CVE-2016-15047: AVTECH CloudSetup.cgi Authenticated Command Injection

AVTECH devices that include the CloudSetup.cgi management endpoint are vulnerable to authenticated OS command injection. The `exefile` parameter in CloudSetup.cgi is passed to the underlying system command execution without proper validation or whitelisting. An authenticated attacker who can invoke this endpoint can supply crafted input to execute arbitrary system commands as root. Successful exploitation grants full control of the device, and - depending on deployment and whether the device stores credentials or has network reachability to internal systems - may enable credential theft, lateral movement, or data exfiltration. The archived SEARCH-LAB disclosure implies that this vulnerability was remediated in early 2017, but AVTECH has not defined an affected version range.

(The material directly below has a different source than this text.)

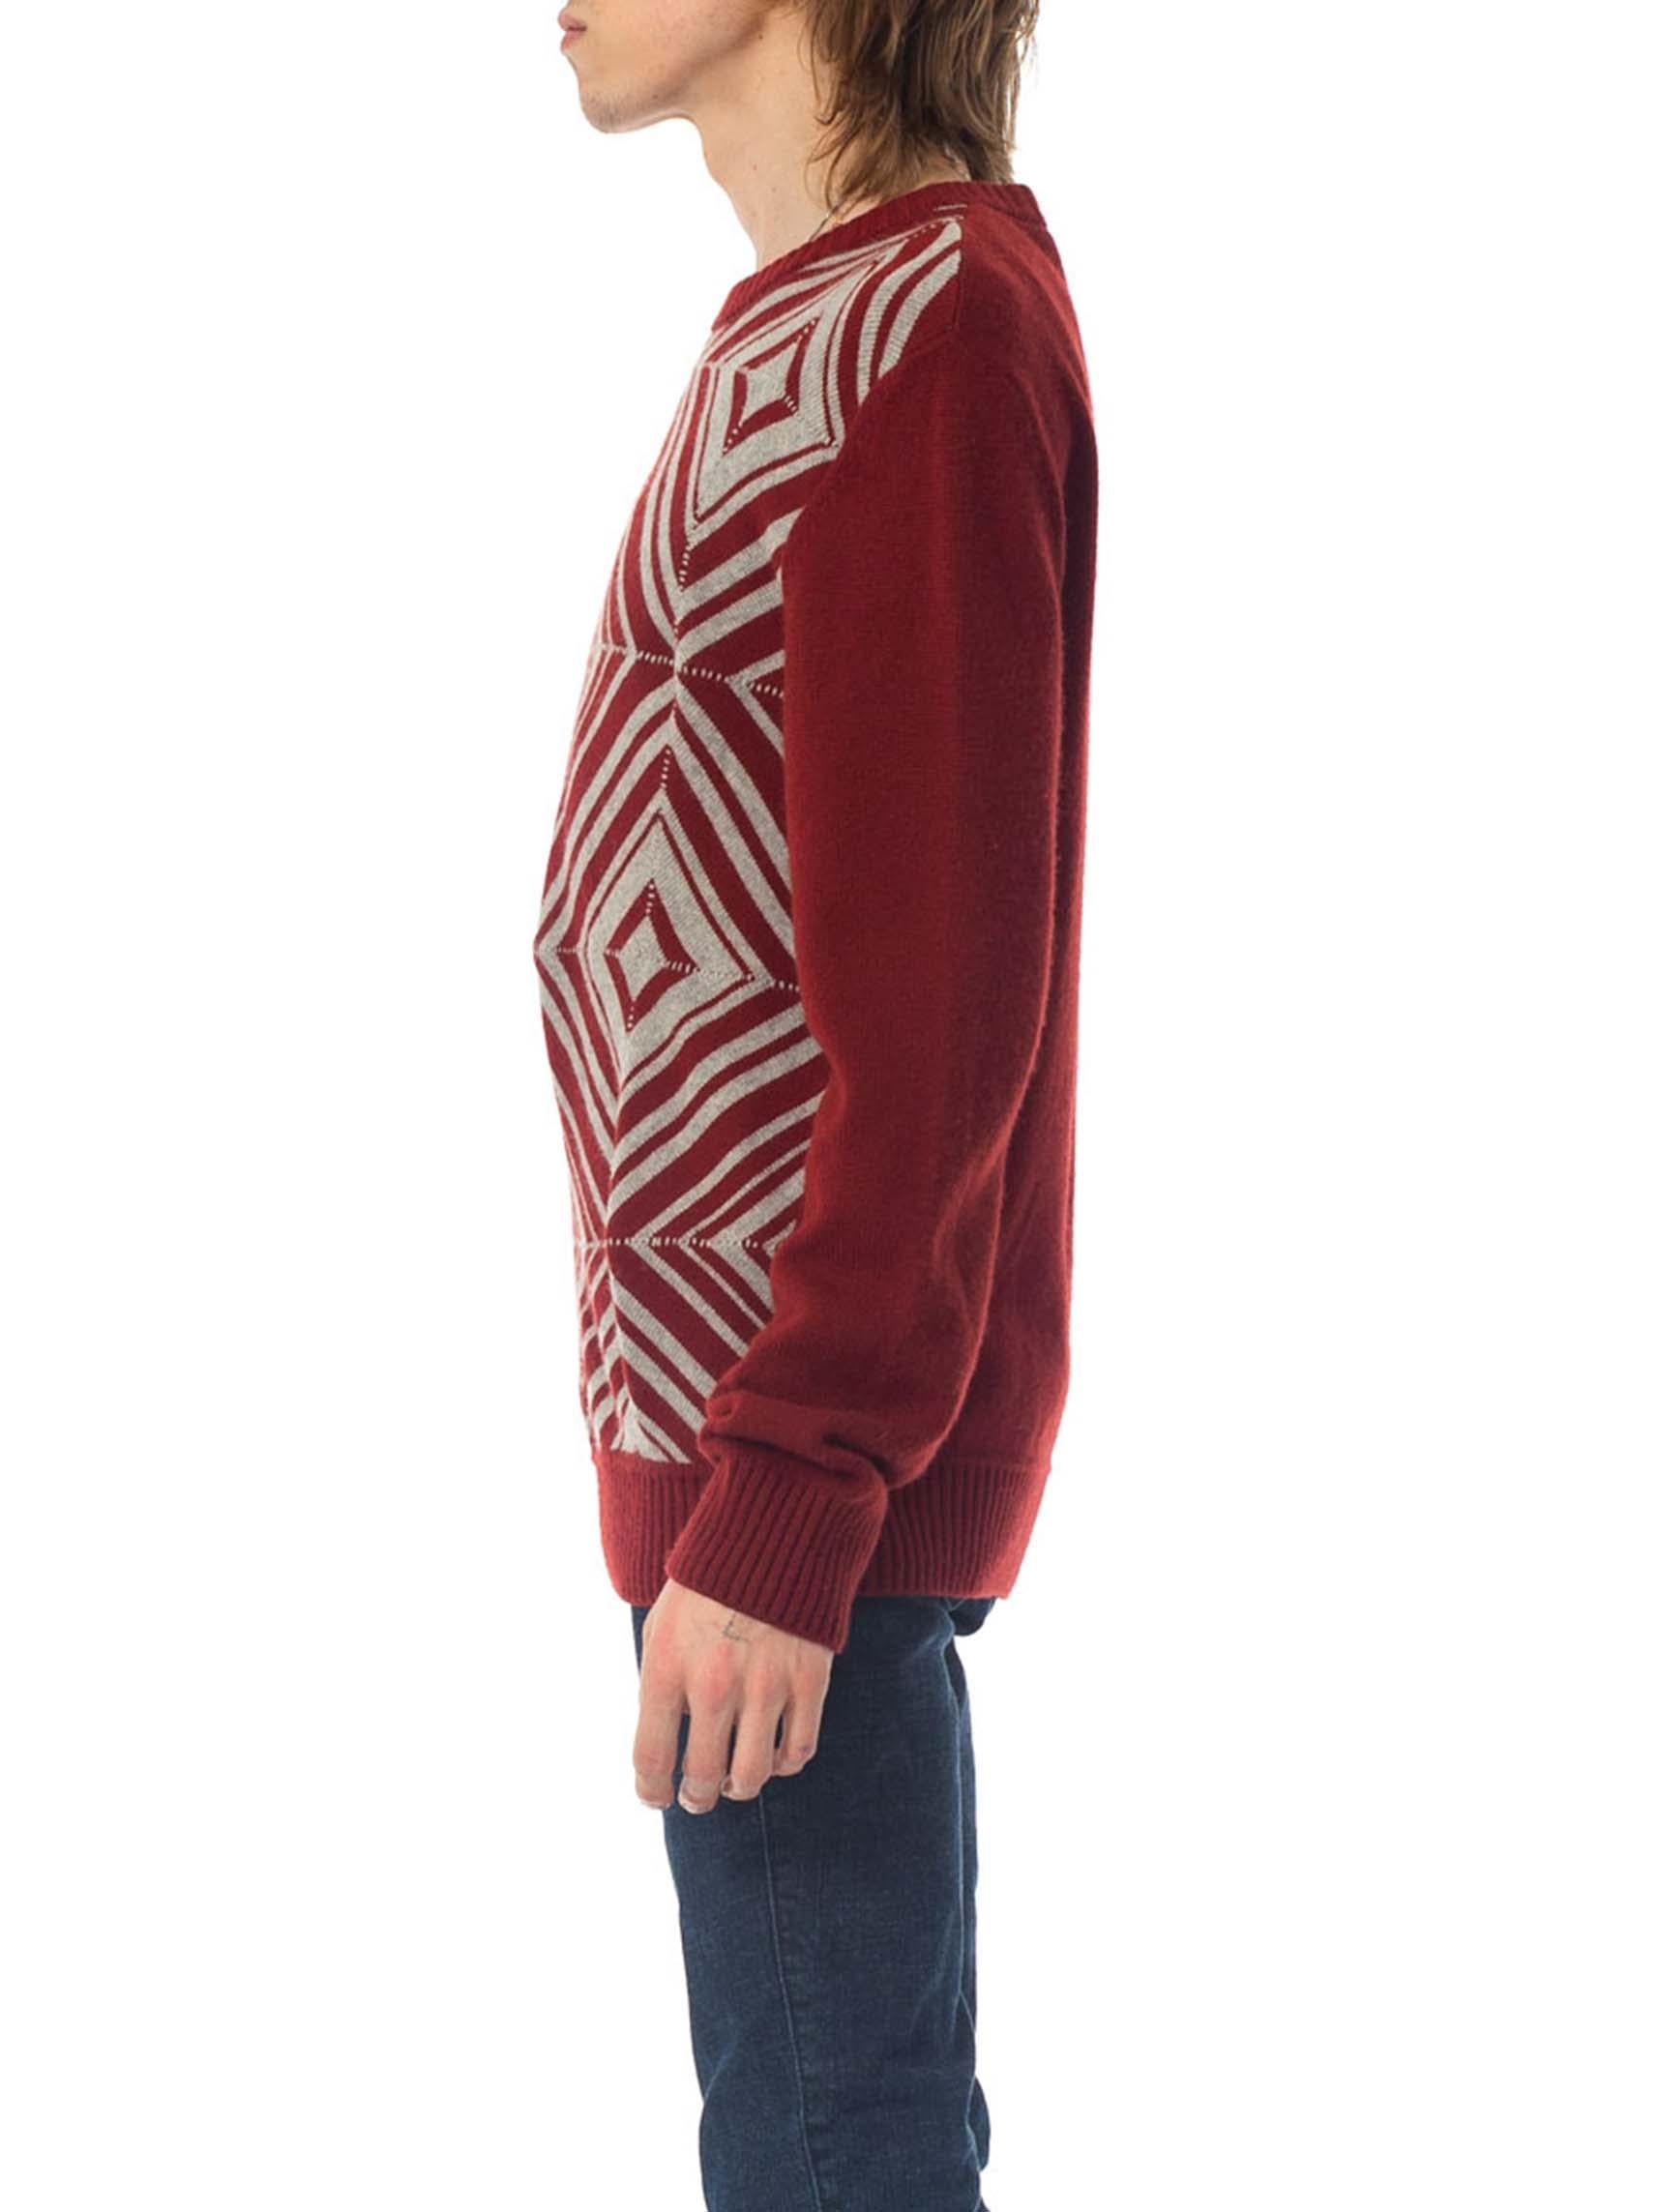 maroon sweater mens

HighCVSS 8.7Not KEV-listedUpdated
Glexia's TakeAutomated analysishigh

Security readout for executives and security teams

Plain-English summary

AVTECH security cameras, NVRs, and DVRs have a flaw in their cloud setup web page that lets a logged-in user run any command on the device with full root control. Attackers have actively targeted these devices to install Linux malware and recruit them into botnets, so any AVTECH gear reachable from the internet is a real business risk.

Executive priority

Treat as a high-priority remediation for any business operating AVTECH cameras or recorders, particularly if these devices are reachable from the internet or share networks with sensitive systems. Compromise leads to full device takeover and a credible pivot point into the broader environment.

Technical view

CloudSetup.cgi passes the `exefile` parameter into a system shell call without sanitization (CWE-78), enabling authenticated OS command injection that runs as root. CVSS 4.0 scores it 8.7 (AV:N/AC:L/PR:L). Exploit code is public on Exploit-DB (40500), and Trend Micro and SonicWall have documented in-the-wild exploitation. AVTECH has not published a definitive affected version range; SEARCH-LAB indicates remediation occurred in early 2017.

Likely exposure

Internet-exposed AVTECH IP cameras, NVRs, and DVRs running firmware that ships CloudSetup.cgi, especially older or never-updated units. Default or weak credentials on these appliances substantially raise exposure because an authenticated session is the only barrier to root command execution.

Exploitation context

Not in CISA KEV, but Trend Micro and SonicWall have documented active exploitation of AVTECH CGI flaws by Linux malware and botnets. A public exploit module exists on Exploit-DB (40500) and VulnCheck has issued its own advisory. Authentication is required, but weak or default device credentials make that barrier easy to clear.

Researcher notes

Affected version range is undefined in CVE data; AVTECH has not enumerated impacted models or firmware. SEARCH-LAB's archived disclosure suggests early-2017 remediation, but verify per-device. CWE-78 in CloudSetup.cgi `exefile` parameter; CVSS 4.0 vector indicates network-reachable, low-complexity, low-privilege exploitation with high confidentiality, integrity, and availability impact on the device scope.

Mitigation direction

  • Inventory all AVTECH IP cameras, NVRs, and DVRs and confirm firmware level with the vendor.
  • Remove direct internet exposure of device management interfaces; place behind VPN or ACL.
  • Replace default and shared device credentials with strong, unique passwords.
  • Apply the latest AVTECH firmware and follow vendor guidance, since no fixed version is named in sources.
  • Segment camera and DVR networks from corporate, OT, and credential stores to limit blast radius.
  • Monitor outbound traffic from these devices for botnet C2 indicators referenced by Trend Micro and SonicWall.

Validation and detection

  • Identify devices that expose CloudSetup.cgi via authenticated configuration review or vendor documentation.
  • Check device firmware build dates against the SEARCH-LAB early-2017 remediation window.
  • Review authentication logs for unexpected logins preceding configuration or process changes.
  • Hunt for known AVTECH-targeting malware indicators published by Trend Micro and SonicWall.
  • Confirm management interfaces are not reachable from the public internet using an external scan.
  • Validate that credential rotation and network segmentation controls are enforced on each device.
Prepared
Confidence
medium
Sources
8

Generated from the cited source records. This long-tail analysis has not been individually reviewed by a named human.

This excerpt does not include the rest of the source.